Matter of Farbman & Sons v New York City Health & Hosps. Corp. (62 NY2d 75, supra) need not be applied so inexorably and extended in this fashion. In Farbman, this Court held that records which were subject to disclosure under FOIL could not be withheld merely because the requestor was a civil litigant against the agency, and rejected a blanket exemption from FOIL based on CPLR article 31 (id., at 78, 80-81). That holding relied on especially the fact that " 'the standing of one who seeks access to records under the Freedom of Information Law is as a member of the public, and neither enhanced * * * nor restricted * * * because he is also a litigant or potential litigant’ ” (id., at 82, quoting Matter of John P. v Whalen, 54 NY2d 89, 99 [citations omitted]).
*282In these cases, the official respondents do not seek exemption from FOIL because the petitioners are defendants in criminal proceedings, but because of the interagency nature of the requested documents themselves (DOS’s and officers’ memo books). Interestingly and perhaps ironically, the rule of this case should entitle victims, and others, to disclosure of these same materials under a fair-game-for-all application of these enhanced FOIL principles. That may well multiply the administrative difficulty and, perhaps, even impossibility of compliance.

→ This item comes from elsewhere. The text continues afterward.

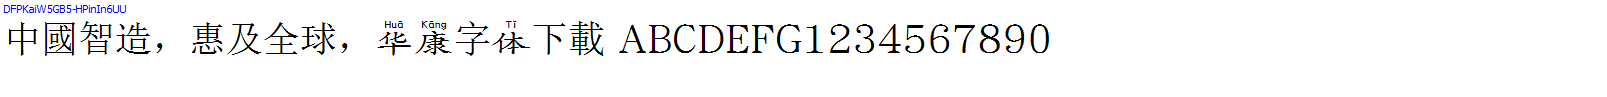 華康字體DFPKaiW5GB5-HPinIn6UU.TTF
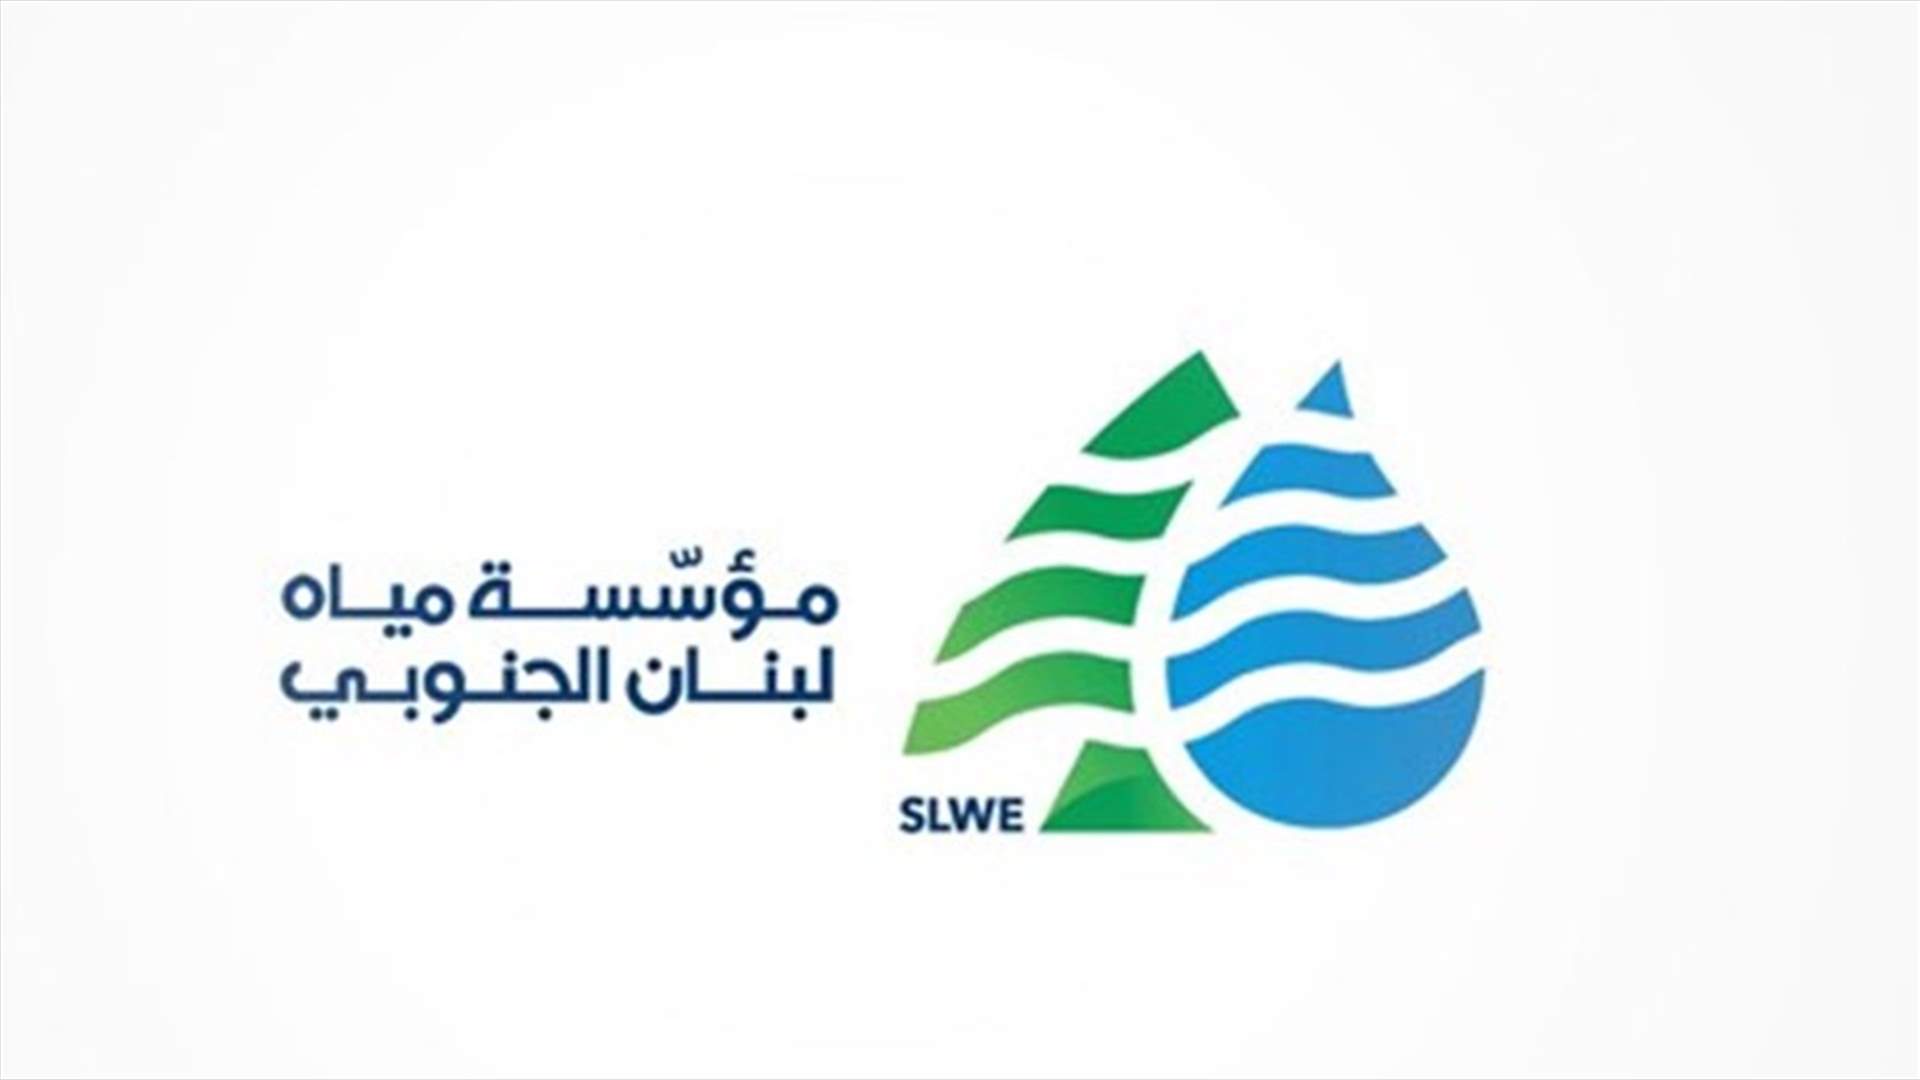 مؤسسة مياه لبنان الجنوبي: هذه المزحة السمجة لن تمرّ...

Substantial public policy considerations underlie the encouragement of and incentives for members of the community to be forthcoming with information serving the investigation of criminal activity and the apprehension and prosecution of criminals. Accurate and complete recordkeeping by officers is also important. Granting general access to raw observations, suppositions, notations and opinions, as in these cases, cannot well serve those overriding objectives in the criminal jurisprudence arena.
Thus, I vote to affirm in each case.
In Matter of Gould v New York City Police Dept. and Matter of DeFelice v New York City Police Dept.: Order reversed, with costs, and matter remitted to Supreme Court, New York County, for further proceedings in accordance with the opinion herein.
Chief Judge Kaye and Judges Simons, Titone, Smith and Levine concur with Judge Ciparick; Judge Bellacosa dissents and votes to affirm in a separate opinion.
In Matter of Scott v New York City Police Dept.: Order modified, without costs, and matter remitted to Supreme Court, New York County, for further proceedings in accordance with the opinion herein and, as so modified, affirmed.
Chief Judge Kaye and Judges Simons, Titone, Smith and Levine concur with Judge Ciparick; Judge Bellacosa dissents in part and votes to affirm in a separate opinion.